Por Sara
Pantoja.
Un juez de
Control vinculó a proceso al sacerdote Francisco Javier Bautista Ávalos por
el delito de homicidio calificado contra Hugo Leonardo Avendaño Chávez, le
impuso prisión preventiva oficiosa en el Reclusorio Oriente y fijó un plazo de
tres meses para el término de la investigación complementaria.
Mientras se
dictaba la orden judicial, decenas de feligreses de la iglesia Cristo Salvador
se manifestaron esta mañana afuera de la sala de oralidad penal número 5 del
Tribunal Superior de Justicia local (TSJ-CDMX), donde se realizó la
continuación de la audiencia, para exigir justicia y la liberación del párroco.
Entre rezos
y cantos, los fieles acusaron que la autoridad difama al religioso y pidieron
revisar las pruebas en su contra. Incluso dejaron ver que el sacerdote podría
ser “víctima de una conspiración de la propia Iglesia católica que lo ha dejado
solo”.
Más tarde
el Tribunal emitió una tarjeta informativa en la que anunció que Bautista
Ávalos fue vinculado a proceso como presunto homicida del joven de 29 años,
egresado de la maestría en la Universidad Intercontinental.
La autoridad
añadió que, en continuación de audiencia y dentro de la ampliación del término
constitucional, el impartidor de justicia definió así la situación jurídica del
acusado, a quien le impuso la medida cautelar de prisión preventiva oficiosa,
además de fijar un periodo de tres meses para la conclusión de la investigación
complementaria.
El pasado jueves
20, en la audiencia de cumplimiento de orden de aprehensión, el Ministerio
Público acusó al padre Francisco Javier Bautista Ávalos de causarle la muerte a
Leonardo Avendaño a bordo del vehículo de éste, ejerciéndole compresión en el
cuello, es decir, asfixiándolo, luego de los cual cubrió el cuerpo con una
cobija y una bolsa.
Según la
determinación del juez de Control, el imputado deberá cumplir la medida
cautelar de prisión preventiva oficiosa en el Reclusorio Preventivo Varonil
Oriente.
El
miércoles 19 el sacerdote fue detenido por policías de Investigación. Al día
siguiente autoridades de la Procuraduría General de Justicia local (PGJ-CDMX)

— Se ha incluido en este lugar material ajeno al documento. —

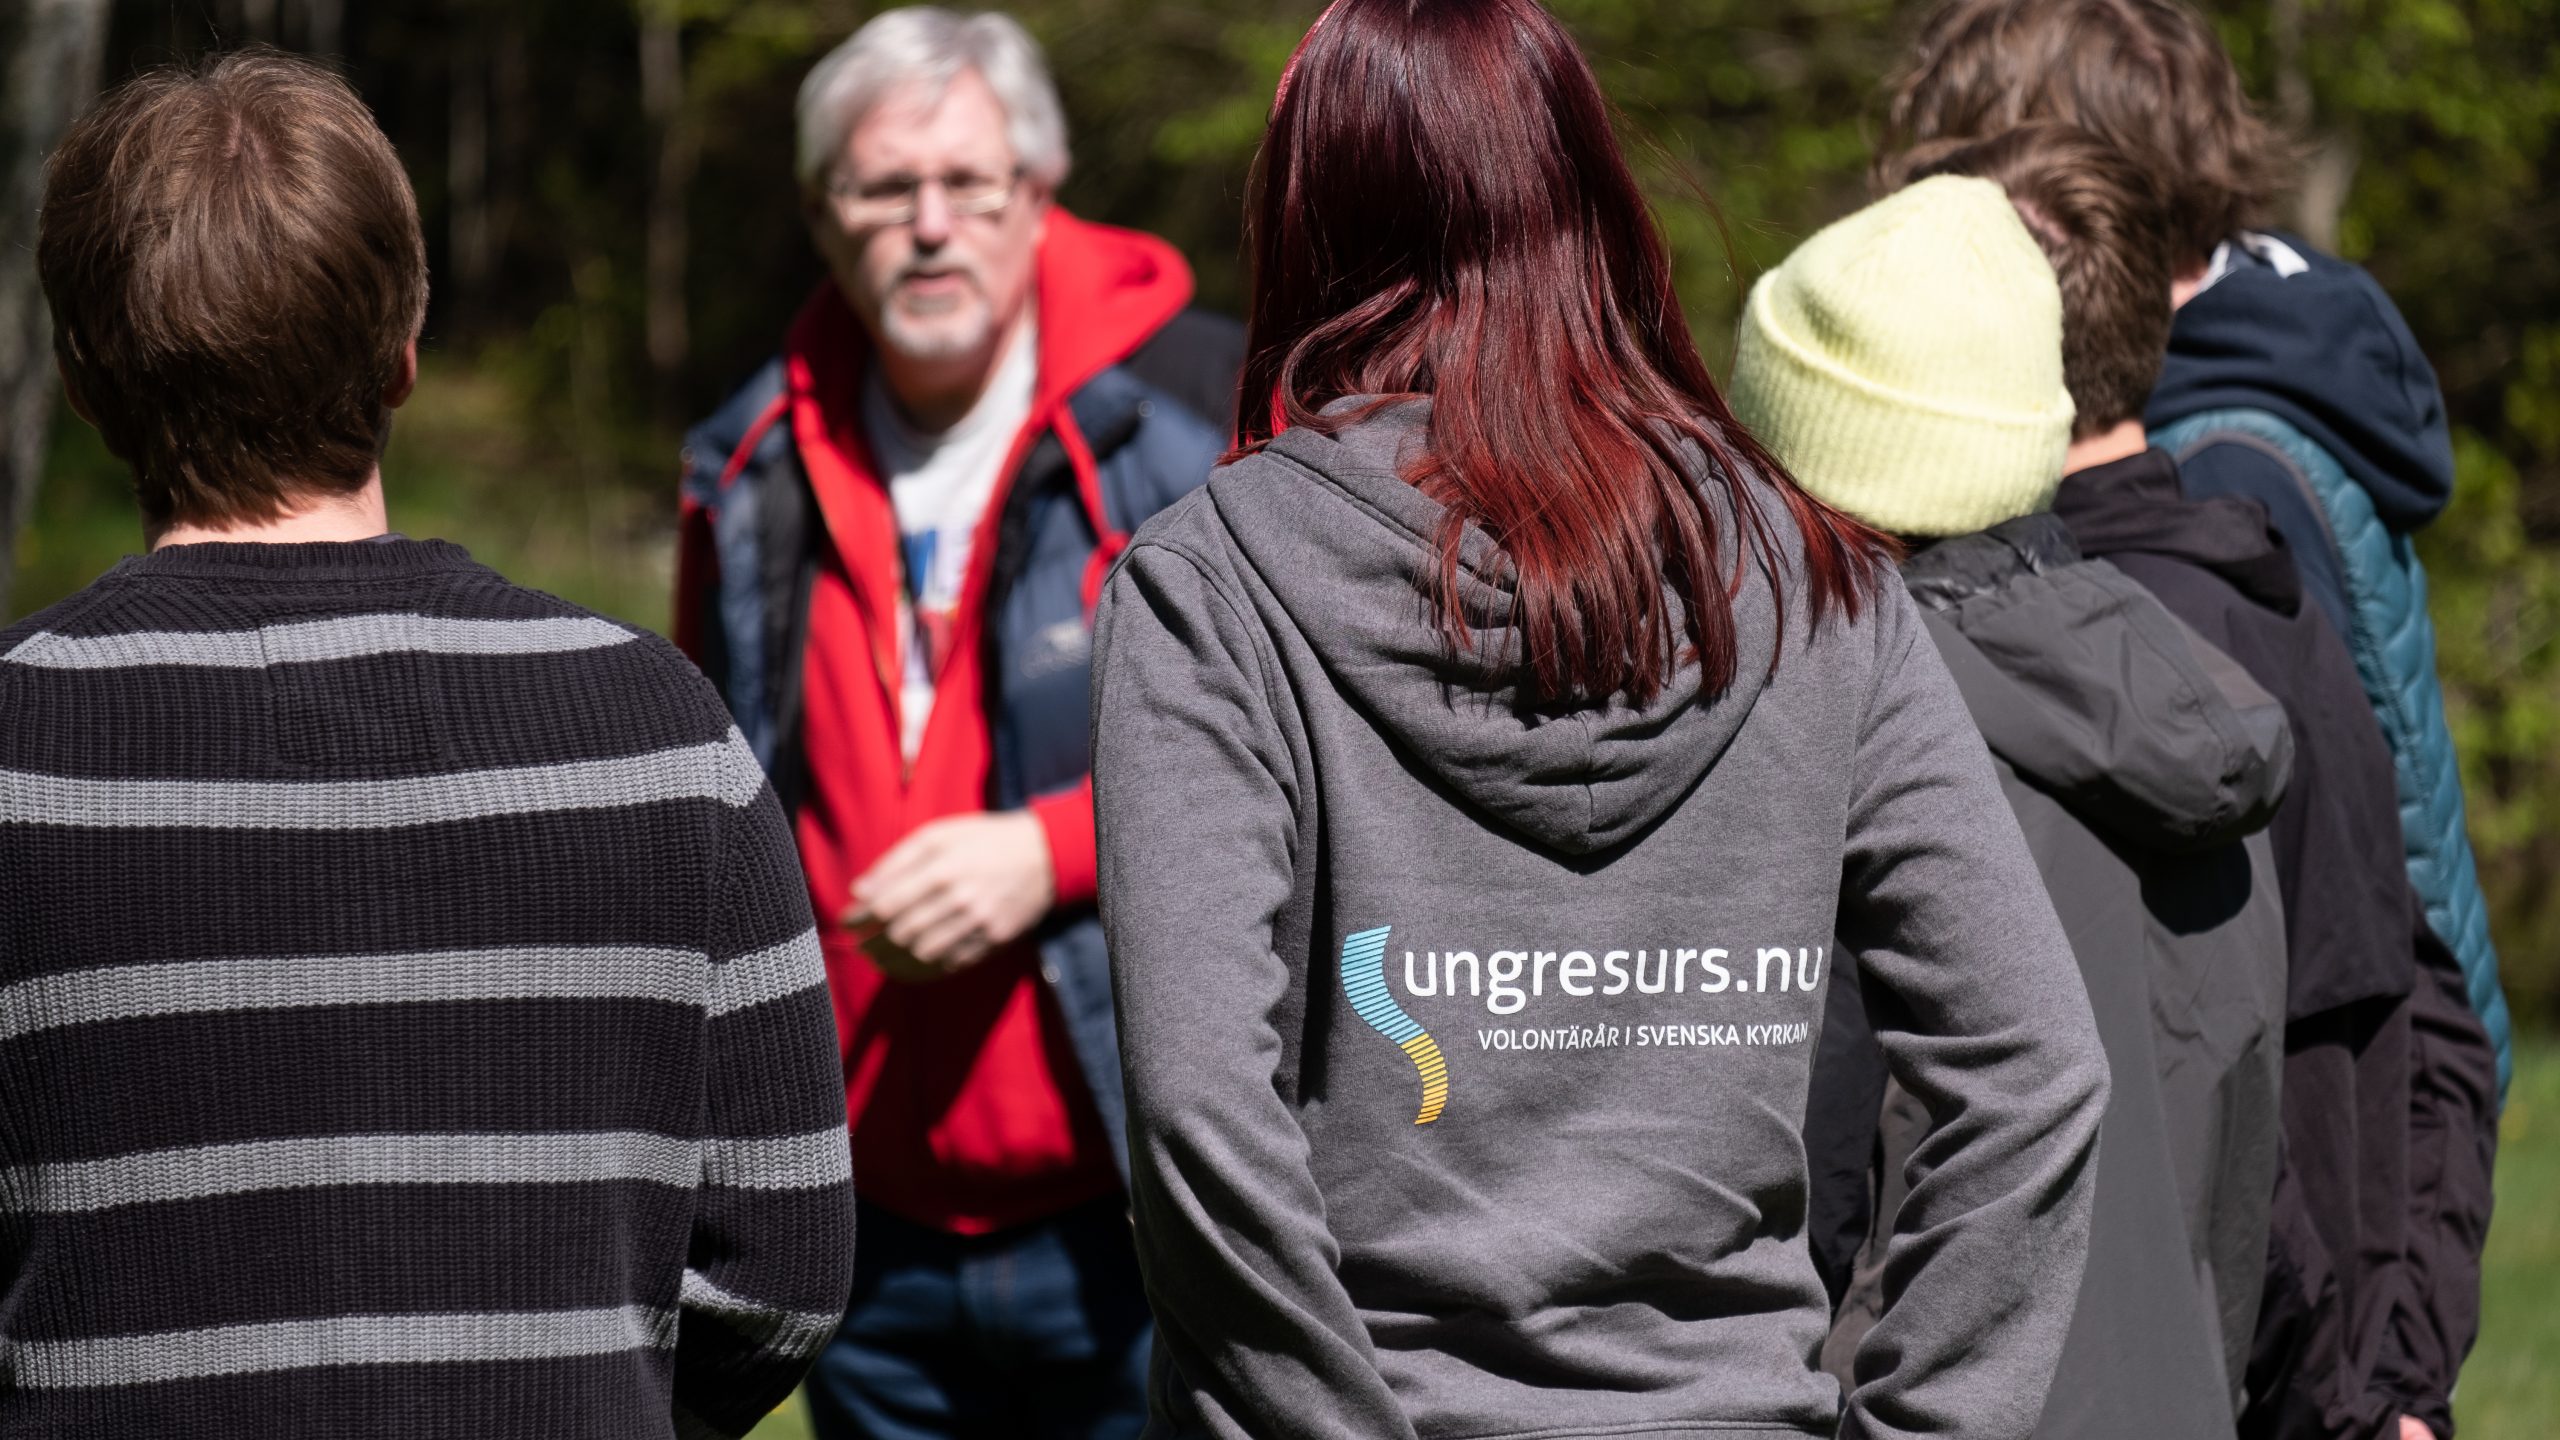 Några personer står och pratar, en person har en tröja med texten "Ung resurs" på ryggen.

presentaron una línea de tiempo, basada en imágenes grabadas en cámaras del
sistema de videovigilancia C5 y otras particulares.
Las
imágenes demostraron que la noche del martes 11 el auto del joven entró a la
casa del sacerdote y ahí se quedó al menos durante cuatro horas. La madrugada
del miércoles 12, la unidad salió del lugar y se dirigió a un paraje de la colonia
Héroes de 1910 en la alcaldía Tlalpan, donde horas más tarde fue encontrado
abandonado. Dentro estaba el cadáver de la víctima envuelto en una cobija y con
huellas de estrangulamiento.
Antes de que
eso sucediera, Leonardo Avendaño envió un mensaje de texto a un familiar para
avisar que se quedaría a dormir en la casa del párroco. Pocos minutos después,
en otro mensaje, avisó a un amigo que ya había llegado a dicho lugar.
En la
información que presentó la PGJ-CDMX se reveló que una segunda persona habría
participado como cómplice en el homicidio, ya que la madrugada del miércoles 12
llegó otro auto al mismo lugar donde estaba la camioneta de Leonardo Avendaño y
donde fue hallado su cadáver. Pocos minutos después, el segundo vehículo se
retiró del sitio.
Videos no
son suficientes: abogados
En el receso
de la audiencia, los abogados del sacerdote imputado, Jorge Piñuño y Jorge
Cuadra, aseguraron que las pruebas presentadas por el Ministerio Público
ante el juez, es decir, los videos en los que se ve el auto de la víctima
carecen de solidez y claridad y no son determinantes.
“No son
sólidas porque se basan simplemente en un seguimiento vehicular para determinar
quién fue o no responsable de un homicidio”, dijo Cuadra en entrevista con la prensa.
El litigante
agregó que la Fiscalía de Homicidios presentó los videos que muestran el
movimiento del auto del joven la noche previa a su muerte. “No se pueden basar
en videos ni en mensajes de WhatsApp”, reiteró.
Y aclaró que
como abogados defensores presentaron un dictamen pericial “en criminalística
tendiente a desvirtuar lo que la Fiscalía pretende acreditar con esos videos”.
Sin dar
detalles, también comentó que el egresado de la Universidad Intercontinental
tenía problemas en un ámbito ajeno a la parroquia Cristo Salvador.
“También
pudimos ver en la audiencia que se desahogó que la persona que falleció tenía
conflictos con otra persona (..) el teléfono se lo dio el propio padre
Francisco, quedó desahogado que Leonardo lo tenía en la camioneta”, aseveró.